Research - Dept. of Hydromechanics and Modelling of Hydrosystems
|Developing and calibrating a numerical model for Microbially Enhanced Coal-Bed Methane (MECBM) Production|
|Project manager:||apl. Prof. Dr.-Ing. Holger Class, Robin Gerlach|
|Research assistants:||Simon Scholz, M.Sc.|
Dr.-Ing. Johannes Hommel
|Duration:||1.4.2017 - 31.3.2020|
|Funding:||German Research Foundation (DFG)|
Abstract:Microbially enhanced coal-bed methane (MECBM) production is an innovative idea to stimulate biogenic coal-bed methane production by providing methanogens and nutrients to the coal and, thus, enhancing the microbial conversion of coal to gas. However, little is known about the environmental conditions favourable to CBM production, or the details of interactions of microbes and nutrients that promote CBM production. Numerical modeling is a powerful and efficient tool to test hypotheses developed from experimental studies and to design new experimental setups.
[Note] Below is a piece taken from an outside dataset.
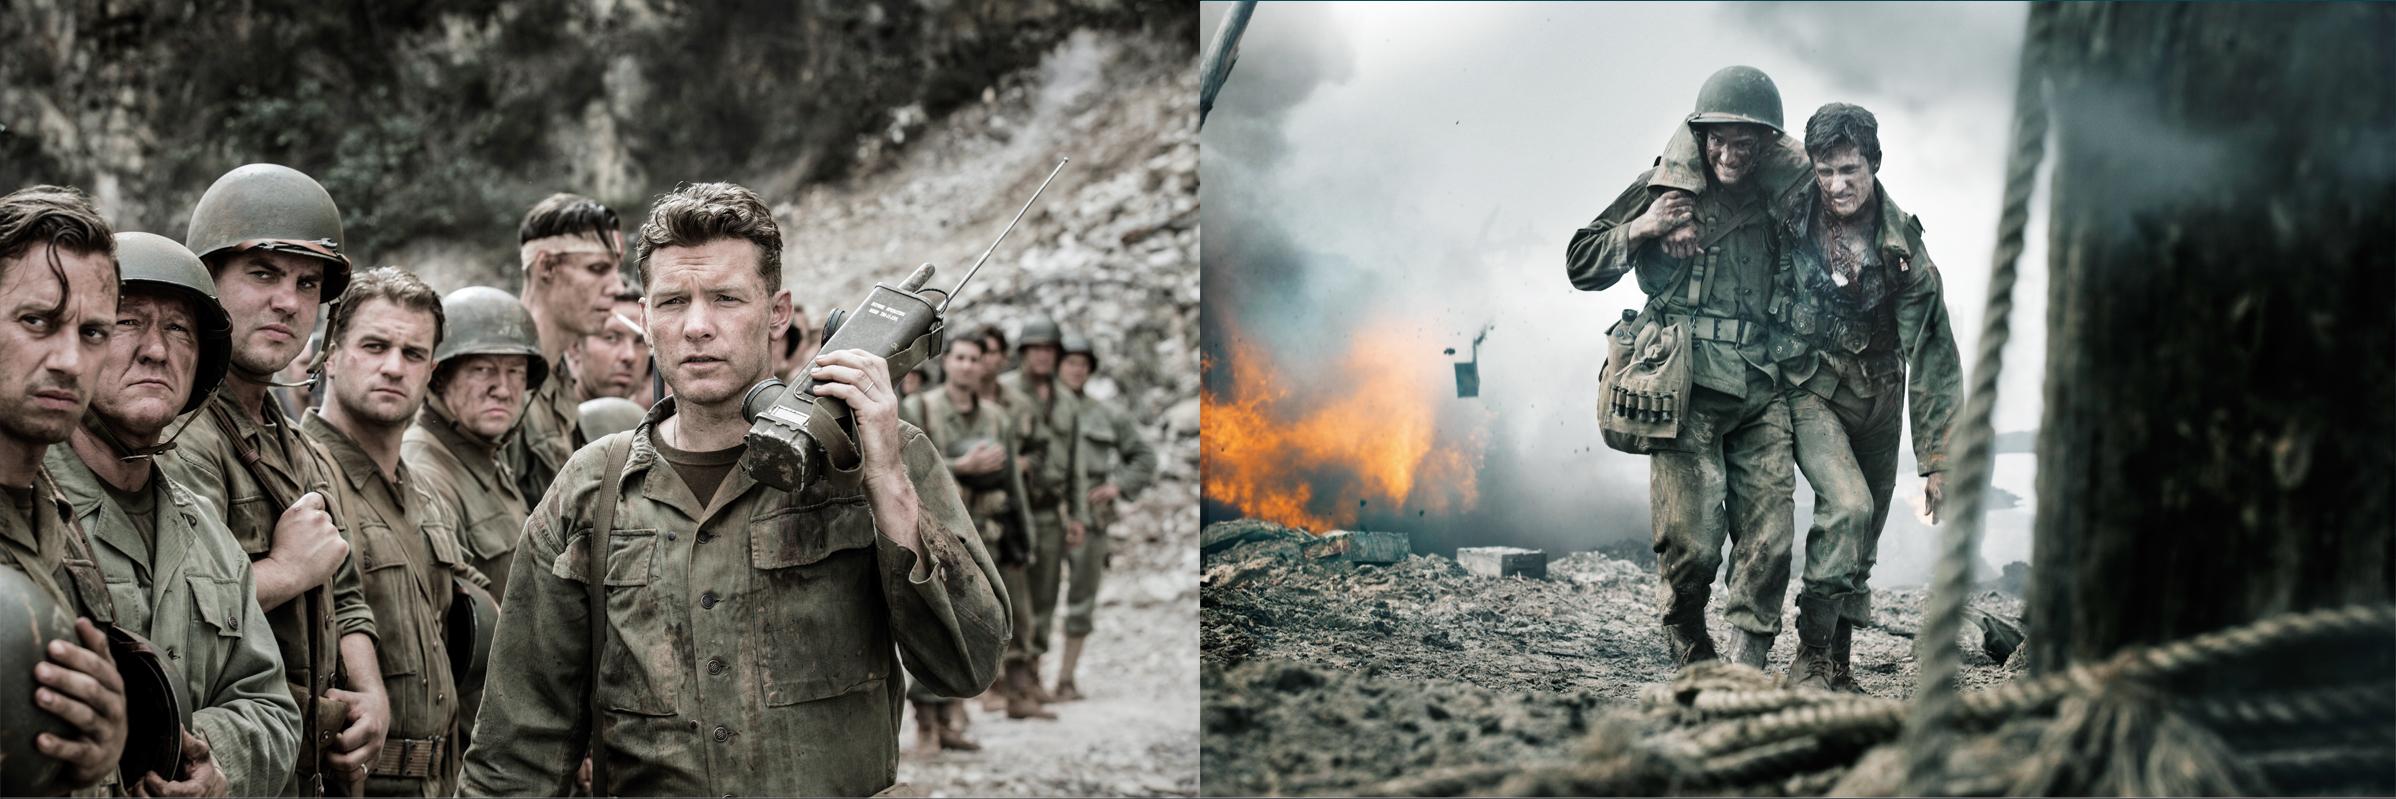 日本の戦争映画『ハクソー・リッジ』
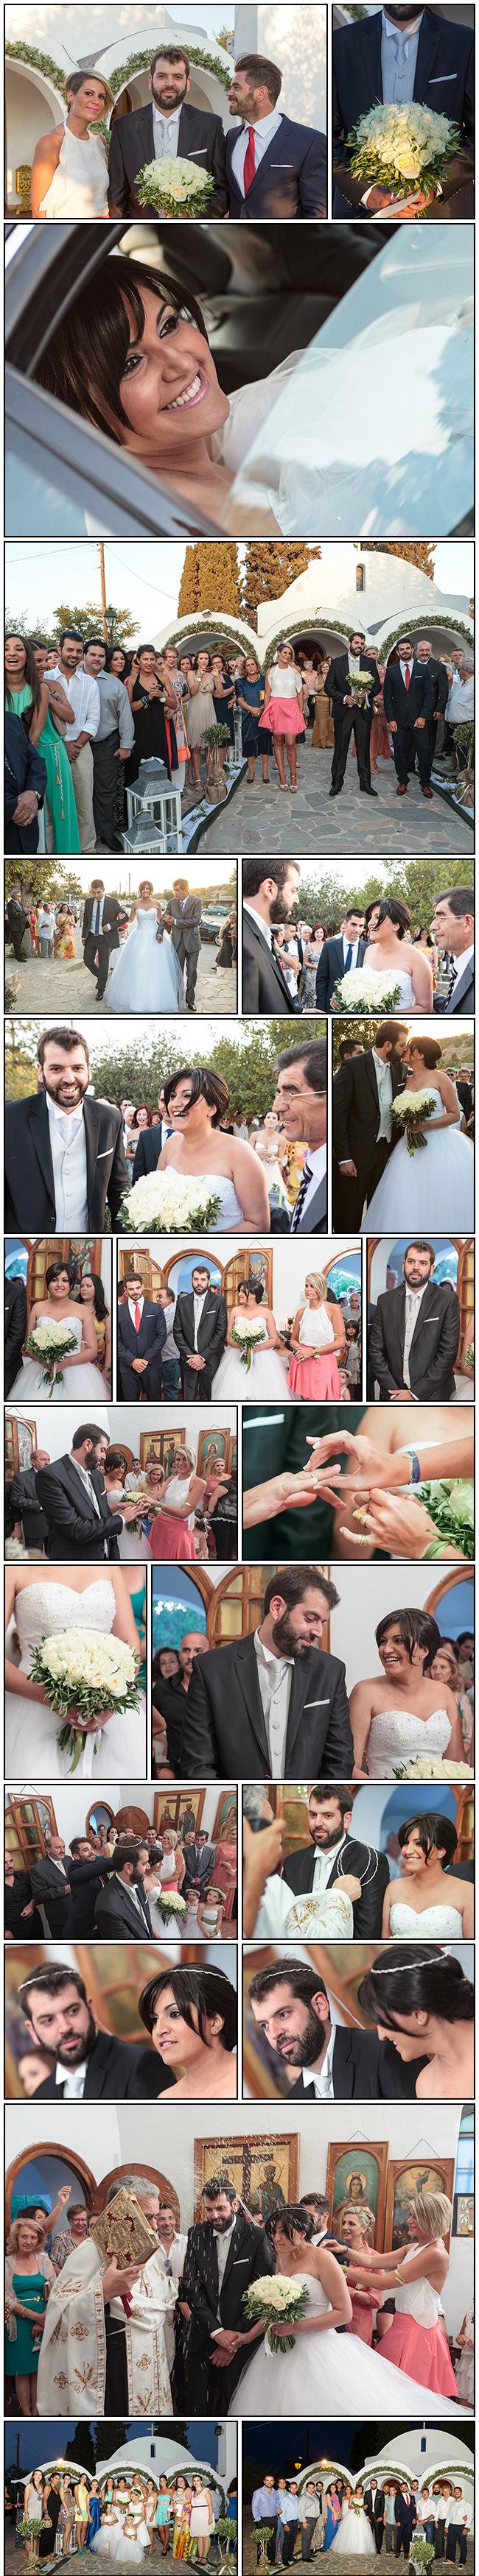 Sofia-Kostas Isthmia wedding - church photos

This project has its focus on the development of a numerical model for simulating MECBM-related processes into the Open-Source numerical simulator DuMux. Therefore, it is necessary to identify the relevant processes of MECBM and their interactions to formulate a conceptual model, including flow and transport of fluids as well as micro-biological, chemical, and adsorption/desorption processes. The implementation of the model builds up on previous work concerning microbially induced calcite precipitation (MICP) where a similar coupling of biogeochemistry to flow and transport is given.
This project is linked to an ongoing experimental DoE-project at Montana State University (MSU) in Bozeman/USA. The project „Increasing the rate and extent of microbial coal to methane conversion through optimization of microbial activity, thermodynamics, and reactive transport“ at MSU, which is funded by the US Department of Energy, will provide the required inputs to develop the conceptual model and to calibrate and validate it with experimental data. It is further envisioned to apply the developed numerical model for a transfer to the field-scale and the design of a corresponding setup in the field.